Сын с дочерьми печи растапливали. Бросали в огонь бумаги отцовские. Волынский свой «Генеральный проект о поправлении России» на листы терзал, швыряя их на прожор пламени. А сам плакал, плакал… Сколько бессонных ночей, сколько восторгов пережил, сколько помыслов породил! Желал для страны родной блага, а теперь, словно вор, утаивать должен сочиненное.

Книги из библиотеки жечь – рука на это не поднялась:

– Пусть стоят! Хотя, сам знаю, книги не нашего времени. Их раньше или позже нас иметь можно. А сейчас крамольны они…

Не удалось сжечь только бумаги из сундуков, ключ от которых у Кубанца хранился. Караул загнал Волынского в кабинет с забитыми окнами, возле дверей – часовые. С детьми министра сразу же разлучили. Просил он допускать до себя доктора Белль д’Антермони и тех нищих, которые с улицы подаяния просят. Но Ушаков велел нищих штыками от дома гнать, а врача обещал… дворцового!

Явился Рибейро Саншес.

– Что с вами? – спросил любезно, в глаза заглядывая.

В потемках комнаты трещали толстые сальные свечки.

– Душою мечусь… весь горю… Света жажду!

Рибейро Саншес сказал:

– Успокойте свое высокое достоинство. Или вы не знаете, в какой стране живете? Кто здесь меж нами безопасен?

– Волк среди волков – вот кому хорошо живется.

– Против вас, – шепнул ему Саншес, – собралась такая стая, в которой и волку не ужиться… Рецепт мой апробируют в канцелярии Тайной, я вам советую капли для успокоения натуры.

– На что мне капли ваши? Дали б сразу яду.

– Капли хорошие… бестужевские! – сказал Саншес.

При имени врага, едущего из Копенгагена, чтобы его в Кабинете заместить, Артемий Петрович вскочил в ярости:

– От капель злодея сего не будет мне успокоения… Яду!

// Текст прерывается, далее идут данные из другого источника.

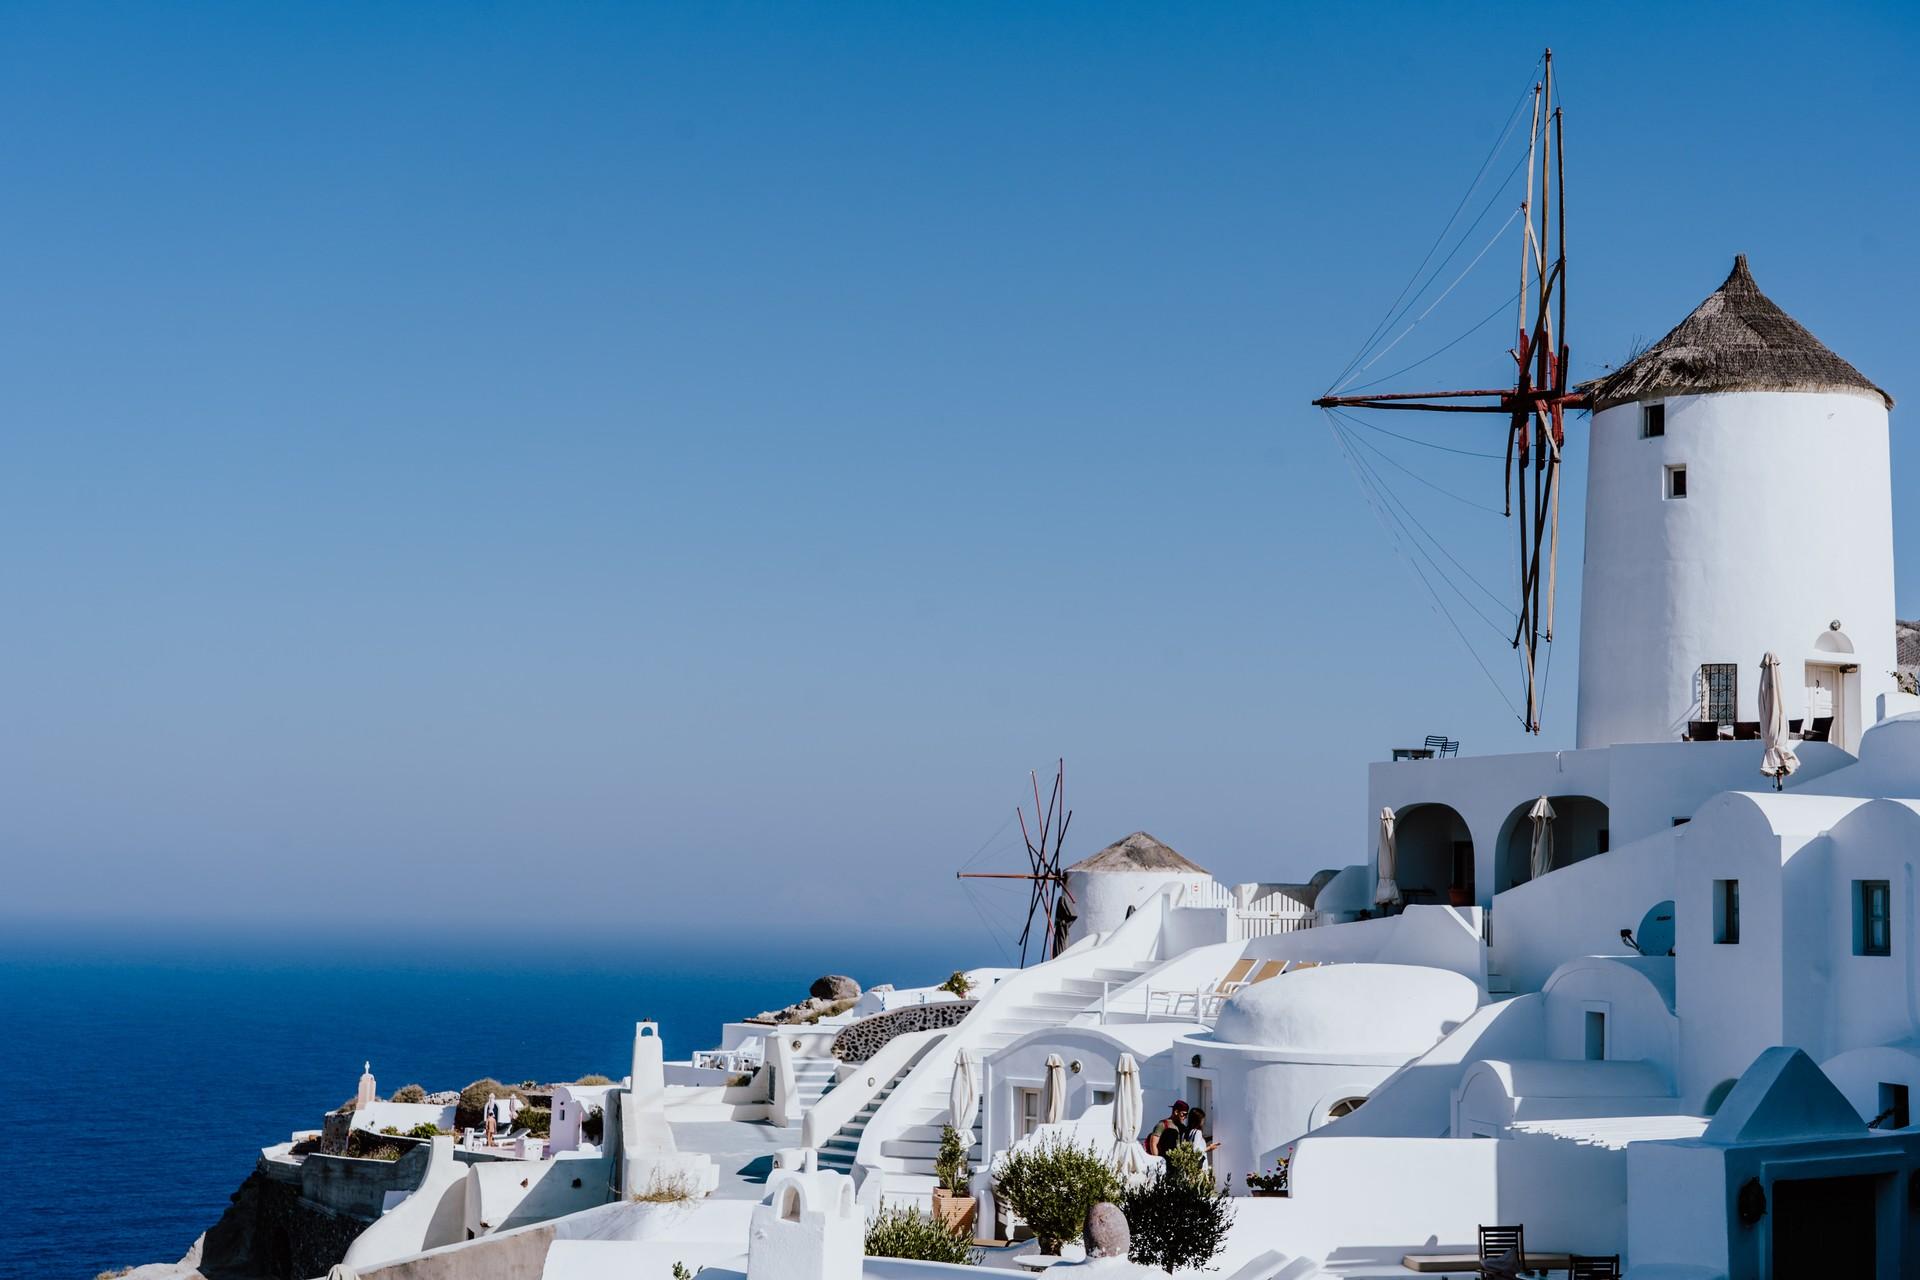 A windmill in Santorini, Greece

В шестом часу утра за Волынским приехала карета. С конвоем повезли министра в Литейную часть, прямо в Итальянский дворец, что строен был Петром I для своей Екатерины. Стыли под снегом оранжереи, в лед Фонтанки вморозило от зимы корабль, стоявший в гавани Итальянской; вокруг недостроенных фонтанов краснели груды битых кирпичей, неуютно здесь было… [35]

Волынский, увидев перед собой Комиссию, тихо удивился: в числе судей заседал и конфидент его – Василий Новосельцев; а подле него подлый Ванька Неплюев сиживал в теплой шубе. Начали судьи, как водится, с восхваления мудрости Анны Иоанновны, которая сомнению подвержена быть не может. Зачитали вслух «предику», и с голоса читавшего предисловие к процессу Волынский легко уловил знакомый штиль письма Остермана.

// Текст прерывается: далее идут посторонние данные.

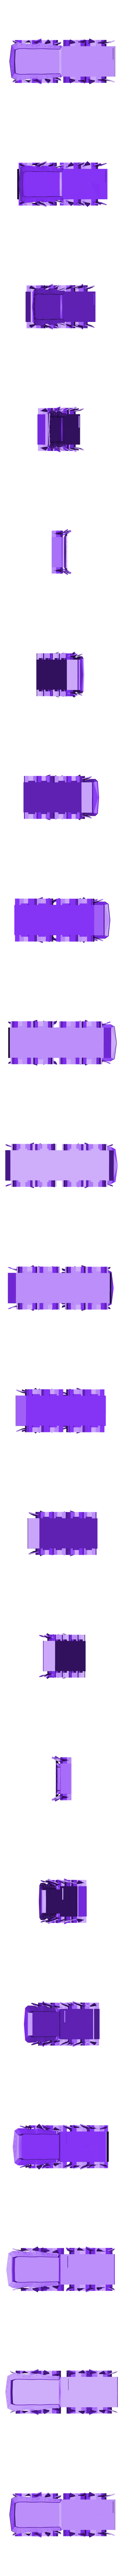 chassi.stl Download free STL file KustomWagon (blown apart) • 3D printable object, Savex

В его сознании вязко осели подхалимские слова:

 

 

...

«…понеже, – писал Остерман, — весь свет с праведным прославлением признает дарованное от всемогущего бога ея величеству высочайшее достоинство и просвещенный разум, мудрость Анны Иоанновны и ея проницательность, то предерзостные рассуждения Волынского весьма неприличны и оскорбительны!»

 

Именем божием на Руси всегда престол заслоняли.

Тут Ванька Неплюев как с цепи сорвался и – полез.

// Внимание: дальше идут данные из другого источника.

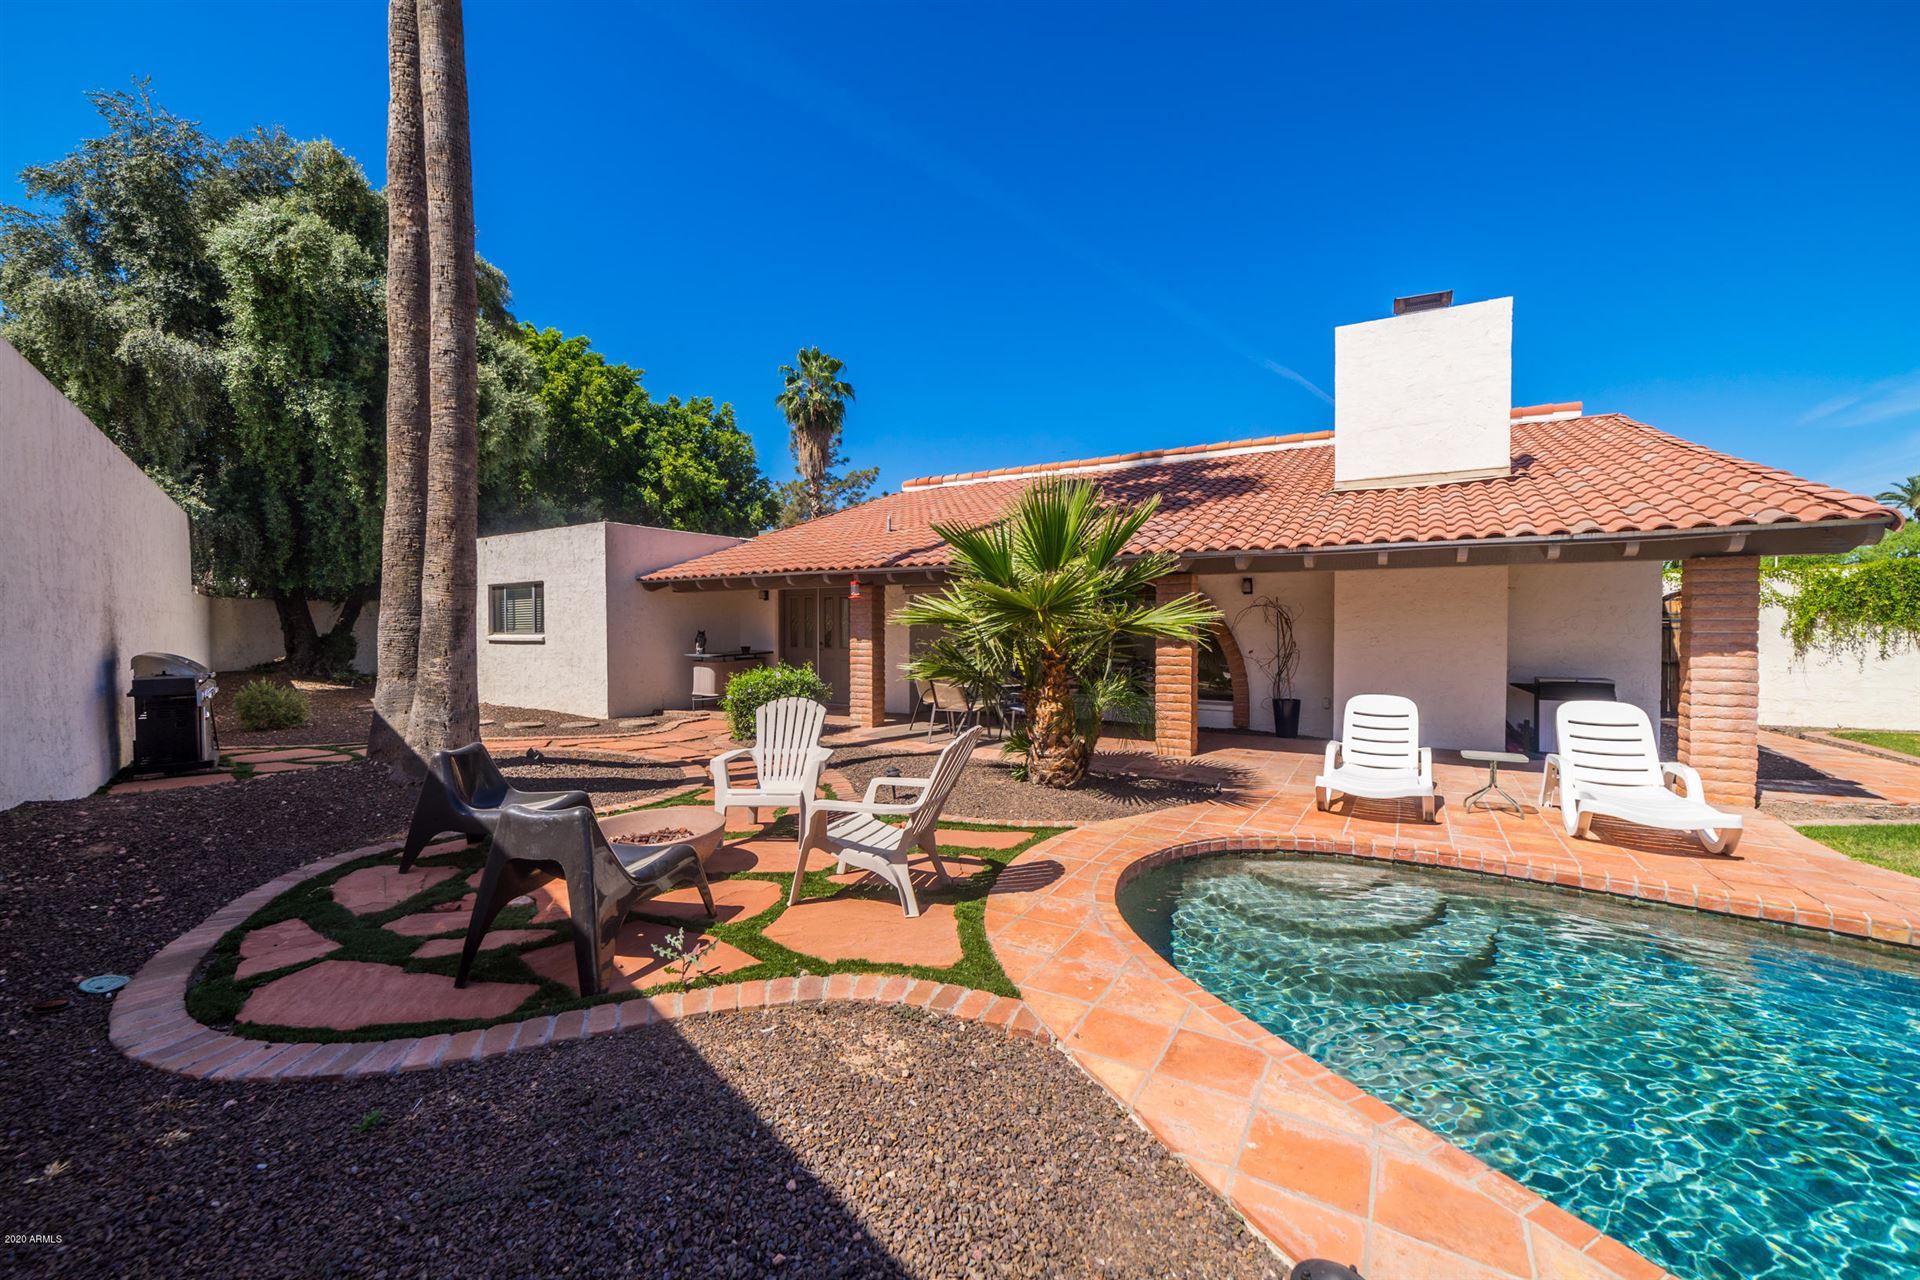 3021 E WELDON Avenue, Phoenix, AZ 85016 - MLS#: 6068114

– Отвечай нам, – кричал он министру, – что ты противу Остермана имеешь и почто угождать ему не желал?

Волынский сел, но ему сказали, чтобы он встал.

– Ладно. Постою. А против Остермана я и правда что зло имею. Он только себя почитает способным для управления государством и других никого не подпущает. А когда я по чину кабинет-министра дела делал, то Остерман по городу ползал и всюду сказывал, что Волынский ему Россию испортит…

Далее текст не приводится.